As an example, if you have a Splunk Enterprise deployment you would want to upgrade to 6.0.3.
Citrix software such as XenMobile App Controller or Receiver for Linux may need to be updated. However, many Citrix products are not vulnerable to Heartbleed.
Several NetApp products are vulnerable to the OpenSSL vulnerability so you will want to upgrade these products.
VMware uses OpenSSL in many products. This page has information on those affected VMware products and where you can get more information on updating.
Infoblox DDI and NetMRI products are not vulnerable, but their Customer Support Portal has now been patched.
There are several things that you need to do to after the software is patched. Following are the list of post-compromise steps that you should follow to recover from this exposure.
Generate New Keys
It is possible that the OpenSSL Heartbleed vulnerability exposed the private key that was being used for the encryption of the SSL sessions. Your organization will likely need to re-generate your RSA key and get new certificates for your TLS site. You will need to revoke the current certificate, generate a new Certificate Signing Request (CSR), then create a new SSL Certificate with your Certificate Authority (CA), and then apply that updated certificate to your SSL/TLS service.
Please don’t assume that after you have patched the software that your exposure has been limited. It is a best practice to assume the worst and go about creating new keys and certificates.
Change Your Passwords
The Heartbleed OpenSSL vulnerability most certainly can expose usernames and passwords from a web service.
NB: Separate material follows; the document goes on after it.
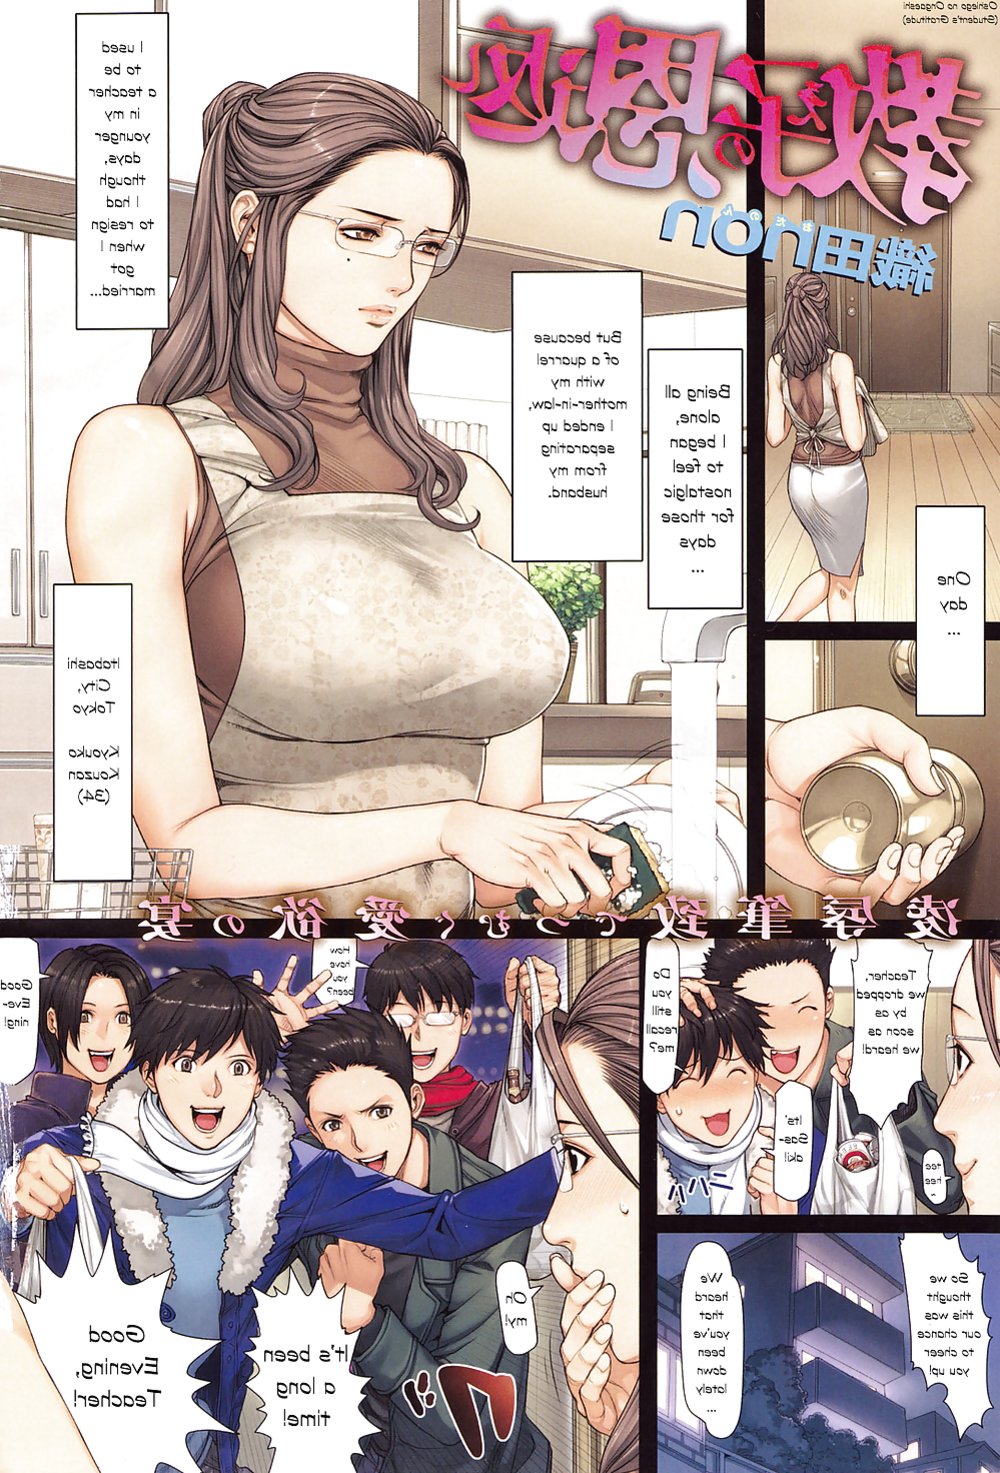 Oda Non Artist Manga Illustration Zb Porn
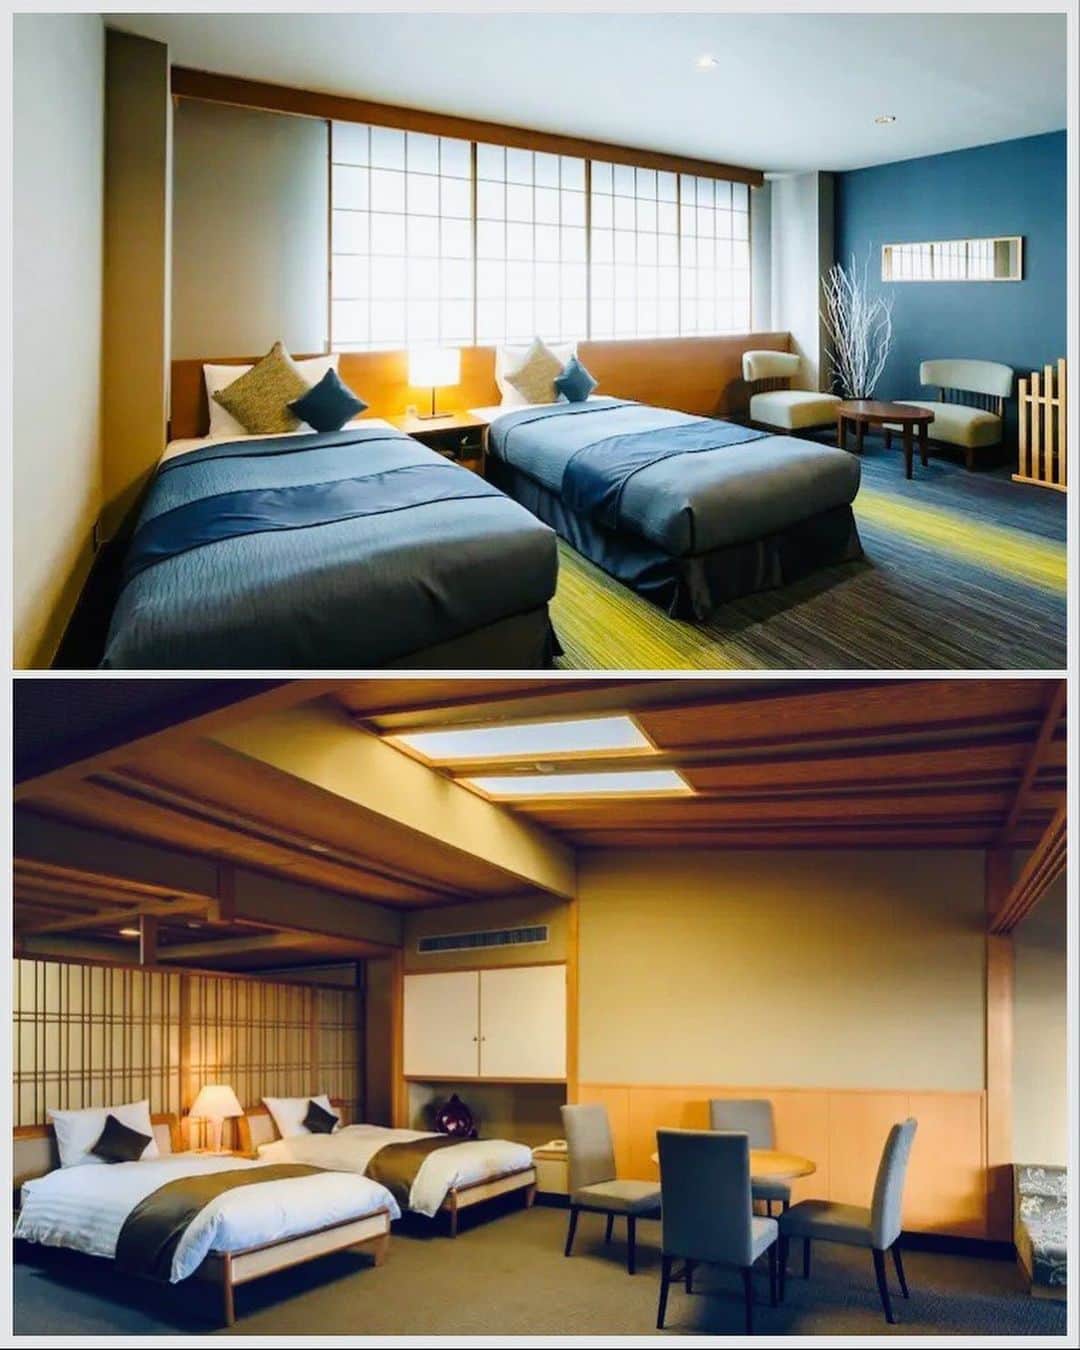 JAPAN TRIP 大人旅〜厳選の宿〜さんのインスタグラム写真 - (JAPAN TRIP 大人旅〜厳選の宿〜Instagram)「．@hoteltokiwa 緑に囲まれ、文化的な魅力があふれる甲府の迎賓館。  日本建築の粋を集めた趣き溢れる個性豊かな離れが11室。他にも様々なタイプの客室が用意されいます。温泉はゆったり長湯ができる最適な温度。庭園を眺めながら露天風呂でリラックスできます。  ＝DATA＝＝＝＝＝＝＝＝＝＝＝＝＝＝＝＝＝ 📍信玄の湯　湯村温泉　常磐ホテル @hoteltokiwa  ■ 山梨県甲府市湯村2-5-21 ■ 50室 ■ IN 15:00～／OUT 11:00  ■ 2名：55,000円～（夕朝食付） ※目安料金です。料金は施設に確認ください。 ＝＝＝＝＝＝＝＝＝＝＝＝＝＝＝＝＝＝＝＝＝  🔸温泉 🔸露天風呂付客室 🔸露天風呂 🔸大浴場 🔸子供可 🔸ペット不可  ︎✈︎−−−−−−−−−−−−−−−−−−−−−−−−−−−−−✈︎ 　気になった方は保存しておくと便利です👍  　泊まったことがあれば、体験談＆感想等、 　コメント欄に書いて頂けると嬉しいです🙇‍♂️ ✈︎−−−−−−−−−−−−−−−−−−−−−−−−−−−−−✈︎  #おすすめホテル #山梨旅行 #湯村温泉 #温泉旅行 #温泉旅館 #露天風呂 #露天風呂付き客室 #日本庭園 #onsen #ryokan」4月18日 17時00分 - otonatabi_jpn

Therefore, it is vitally important to change any usernames and passwords for the affected sites.
As previously mentioned, many popular Internet web sites use OpenSSL so the list of sites that you and your users must change your passwords is long. Here is a partial list of the more popular web sites that have patched their OpenSSL systems and generated new keys.
- Amazon Web Services (AWS)
- Google, Gmail
This page has a pretty comprehensive list of popular sites and if you need to change your password.
Notify Users and Customers
If you operate a web site that used a vulnerable OpenSSL implementation then you need to notify your users and have them change their passwords after you have patched your site and changed the key. It is recommended not to have users start to change their passwords until after the web service has been secured.
In the near future, more information will become available about this vulnerability. Therefore, it is important to keep up on information revealed about other similar vulnerabilities in other software that may be coming out in the coming days, weeks, and months. As security researchers and vendors work to improve the security of their products and services we should be patient and make sure that we are doing our part to keep our systems patched, keep our users aware of the risks, and communicate about the issues and how to protect, detect, and correct the problems quickly.